• **Exercise objective**:
Please set down each of the lines below once more, exactly, omitting all pictures.

• **Available data**:
▼▼▼

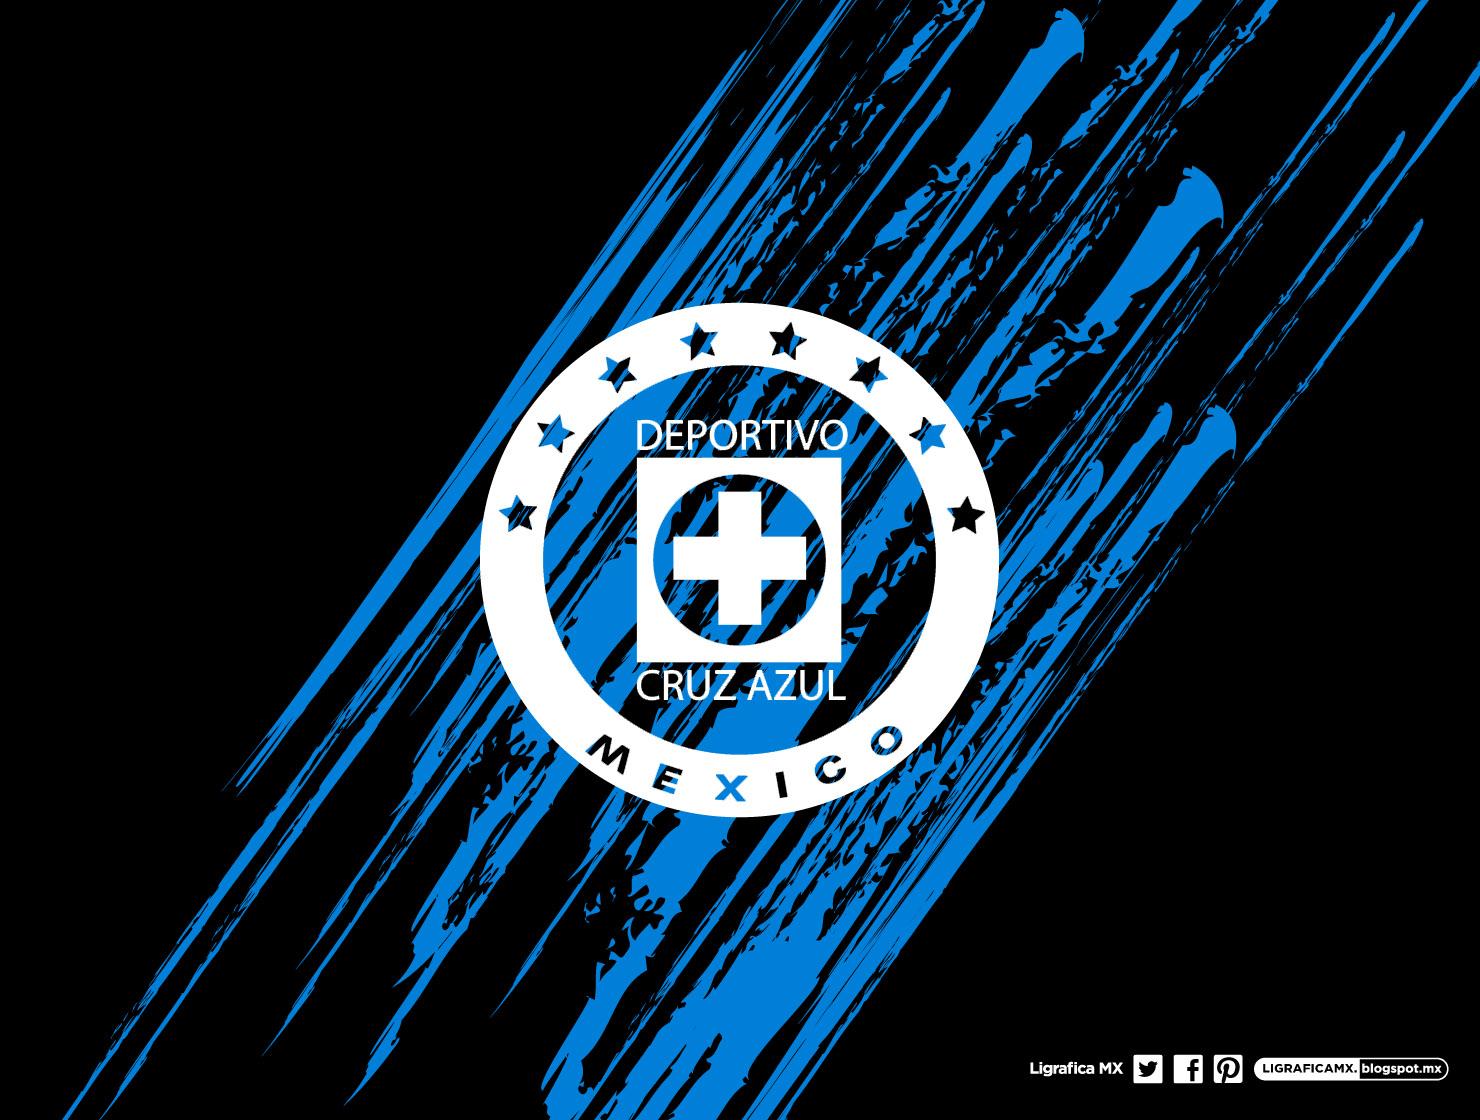 Club America Wallpapers 3d Ligrafica Mx Wallpapers 03092013ctg 3
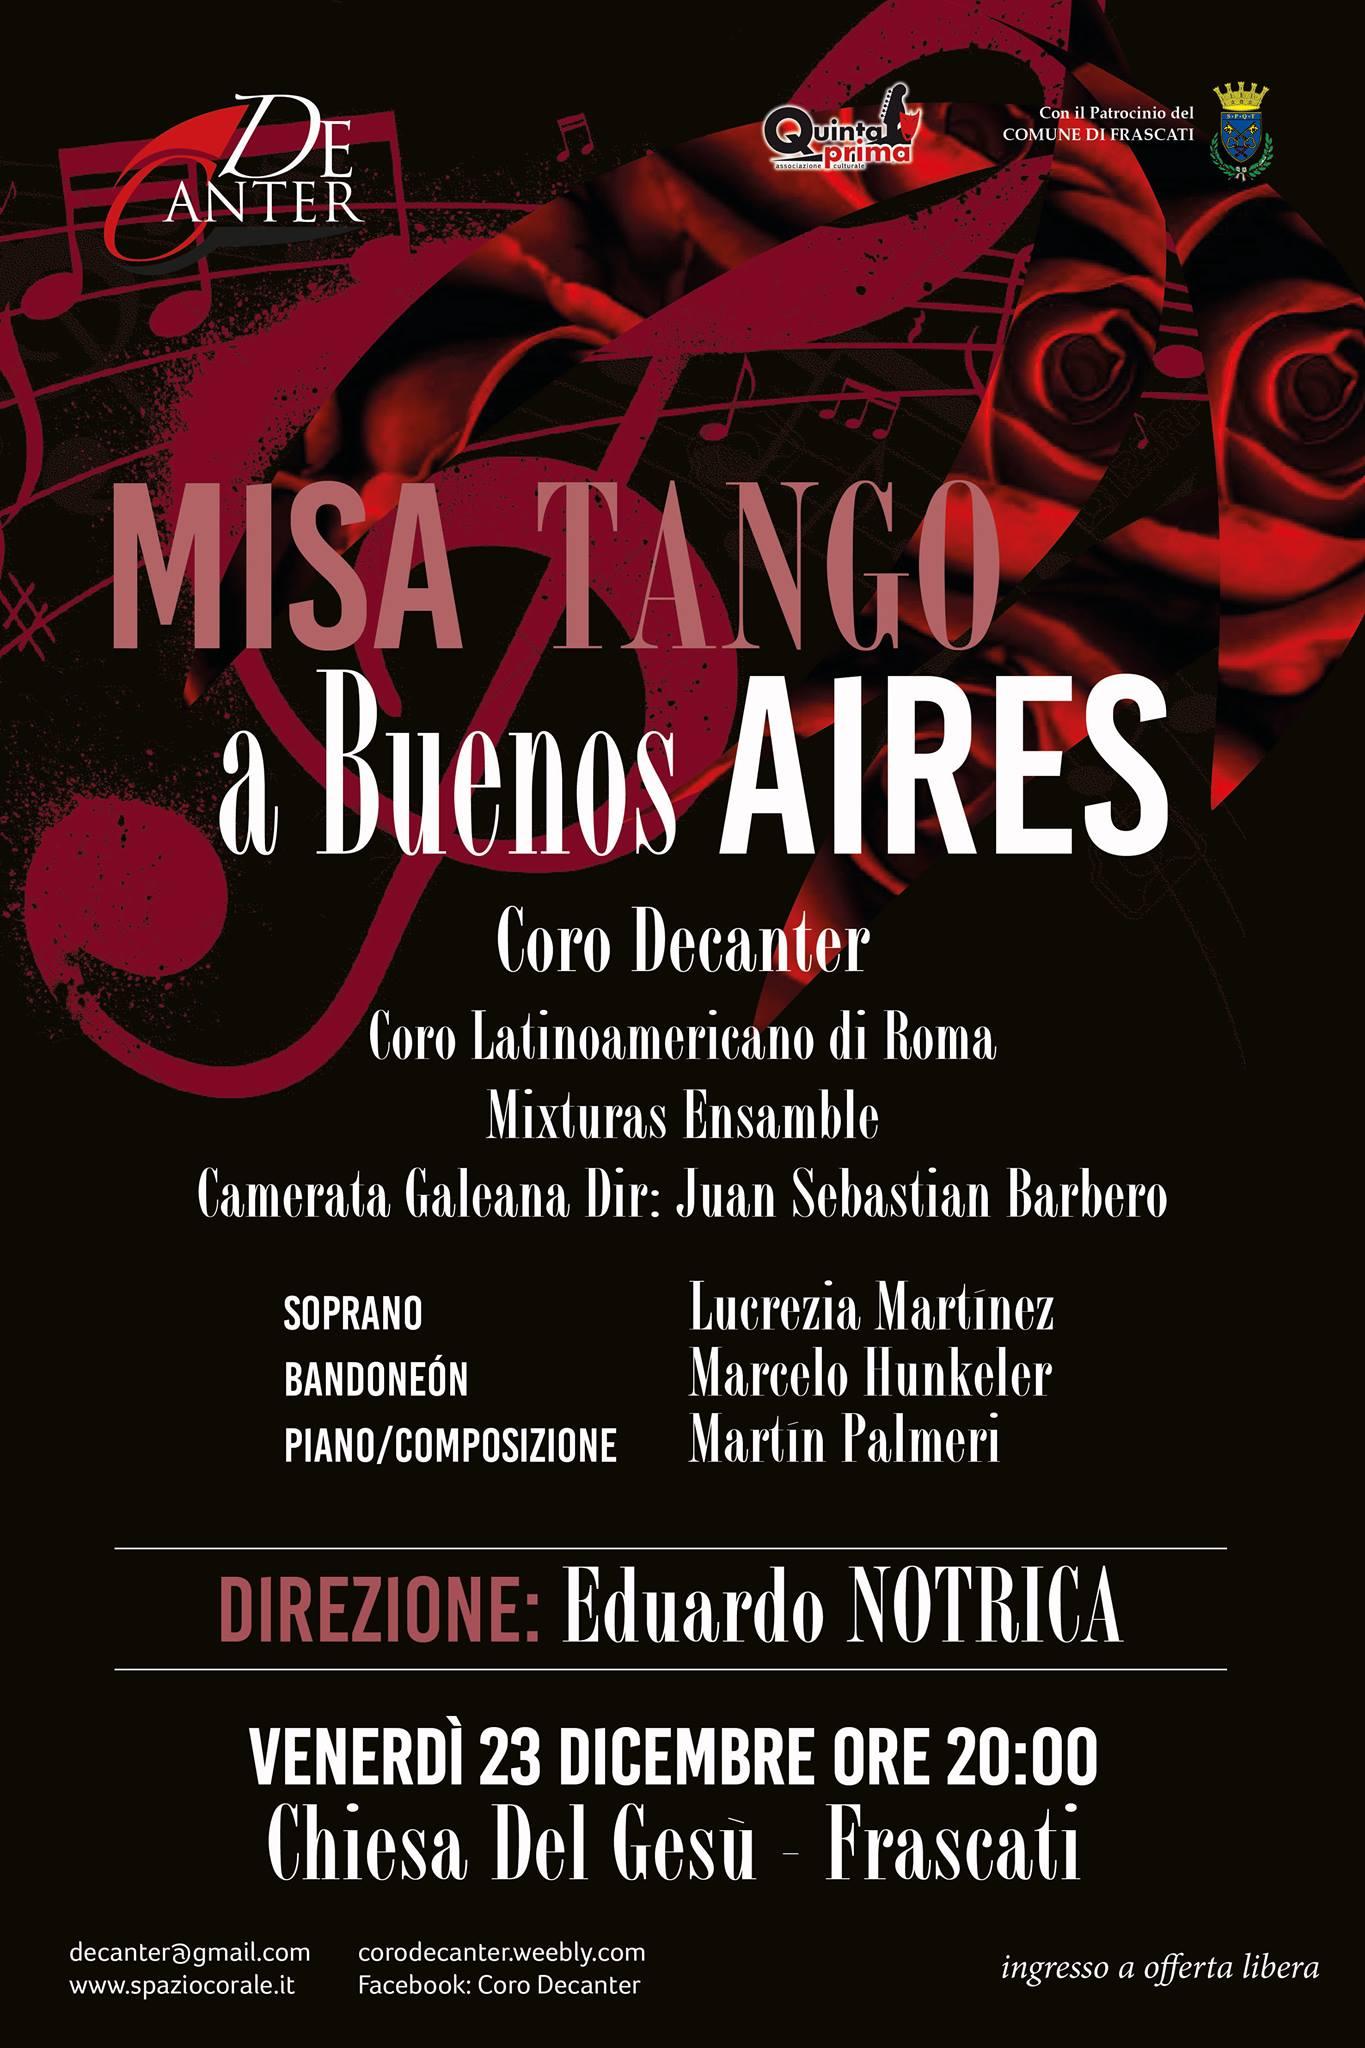 Misa tango - Martin Palmeri
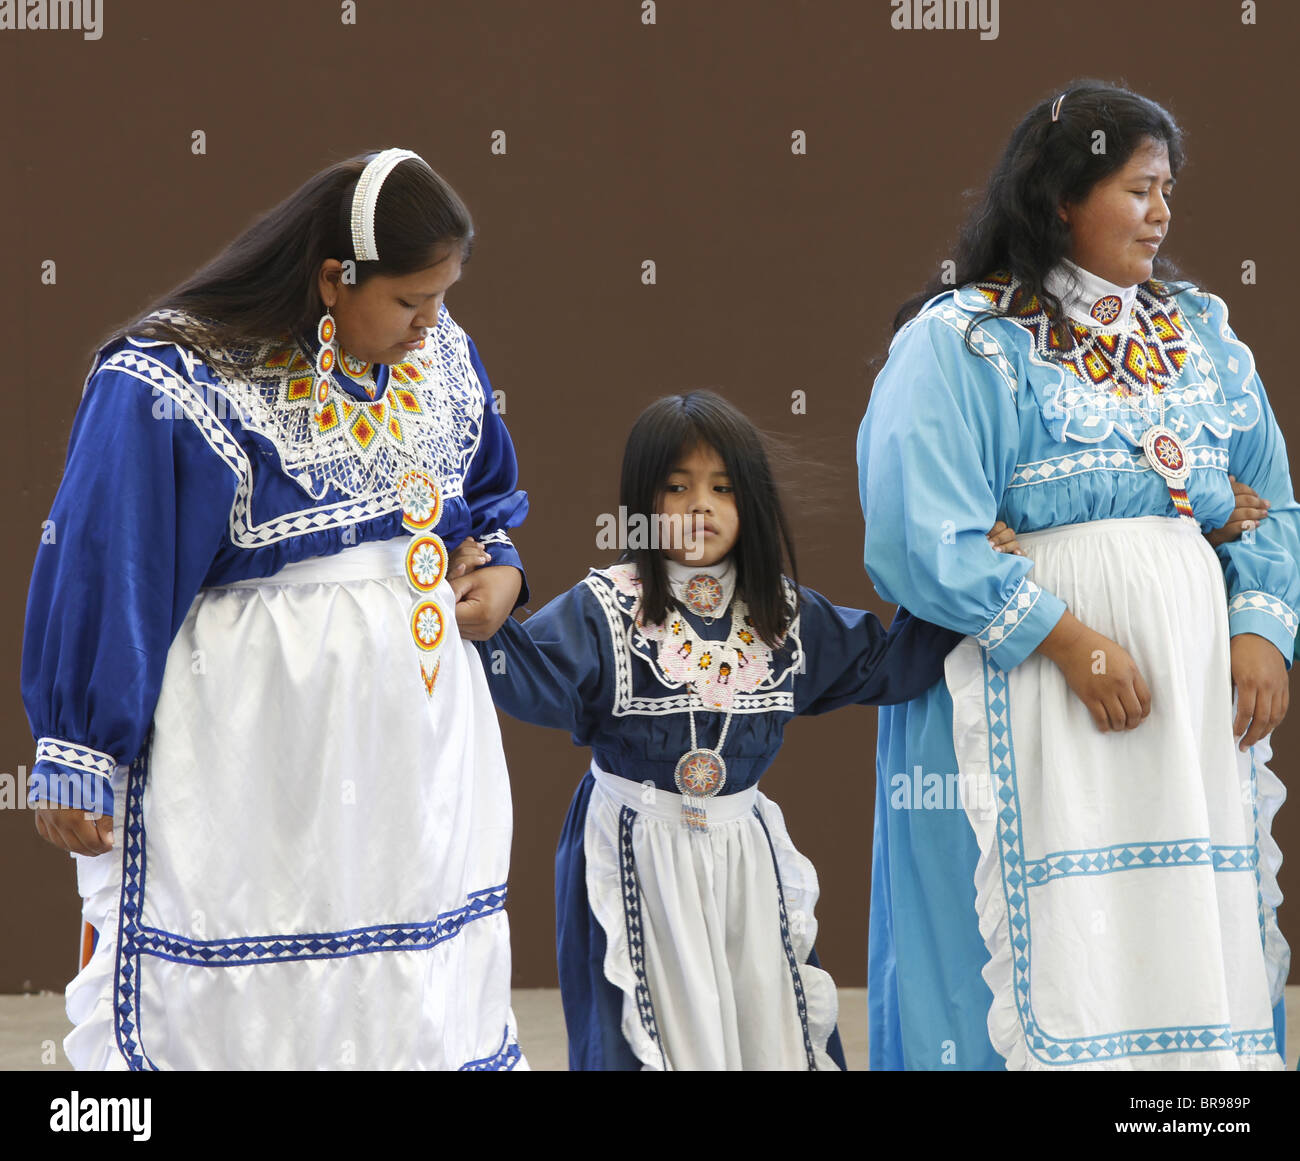 Cherokee, North Carolina -  Chactaw Indians women and a girl performing a social dance. - Stock Image
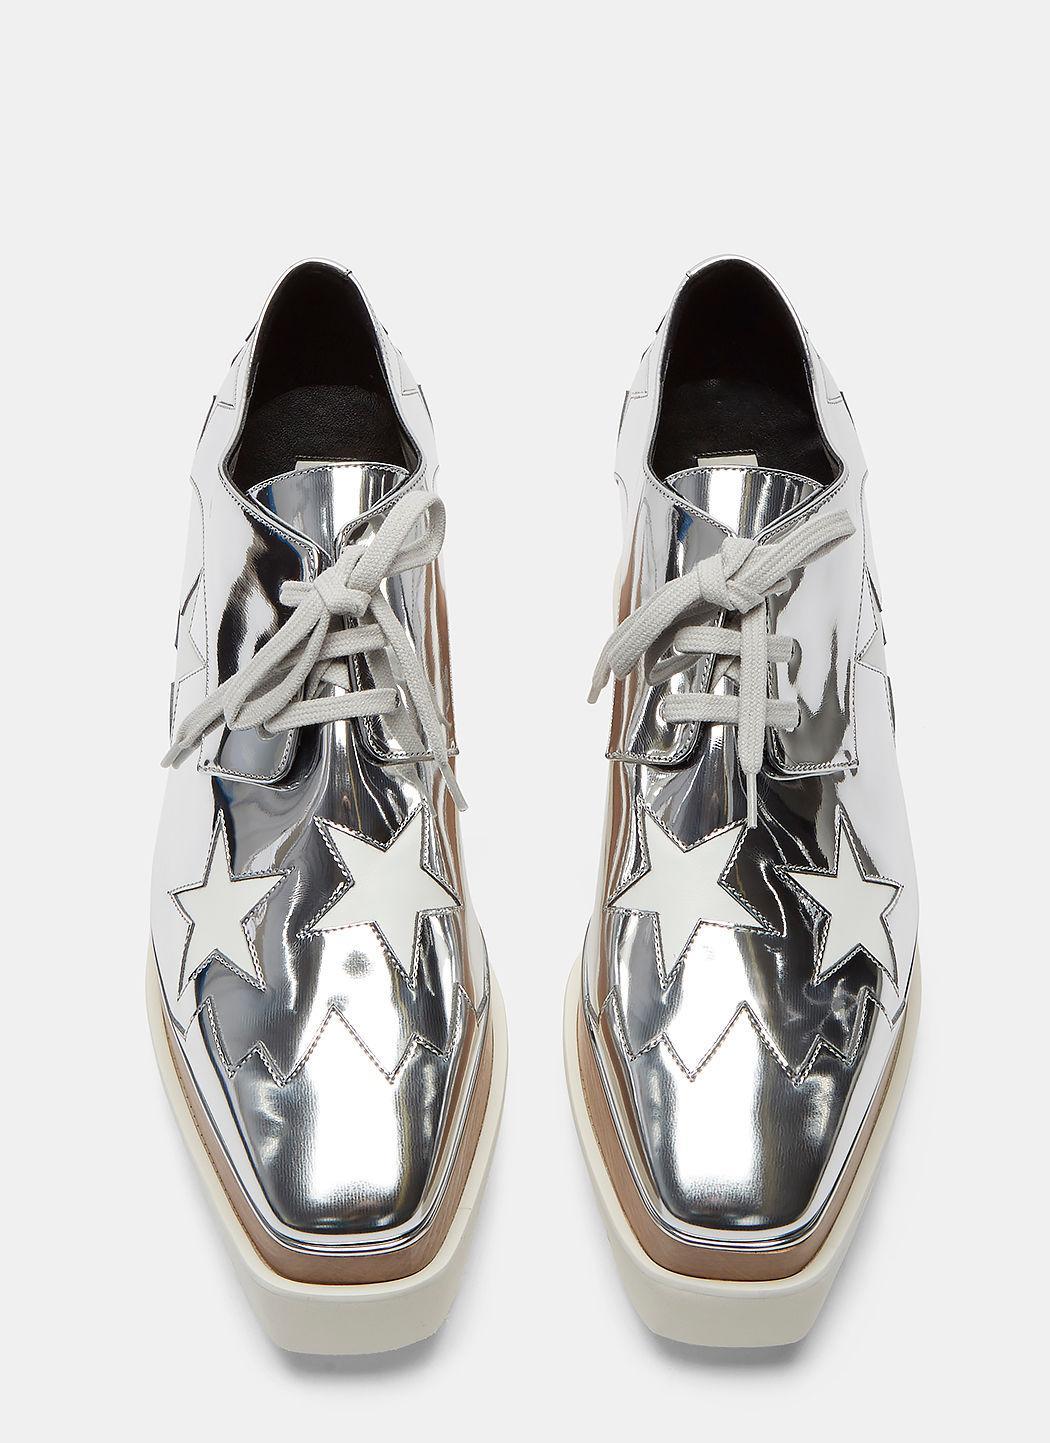 Stella McCartney Synthetic Women's Elyse Hackney Metallic Star Platform Shoes In Silver

▲▲▲

• **Answer**:
 Club America Wallpapers 3d Ligrafica Mx Wallpapers 03092013ctg 3
 Misa tango - Martin Palmeri
 Cherokee, North Carolina -  Chactaw Indians women and a girl performing a social dance. - Stock Image
 Stella McCartney Synthetic Women's Elyse Hackney Metallic Star Platform Shoes In Silver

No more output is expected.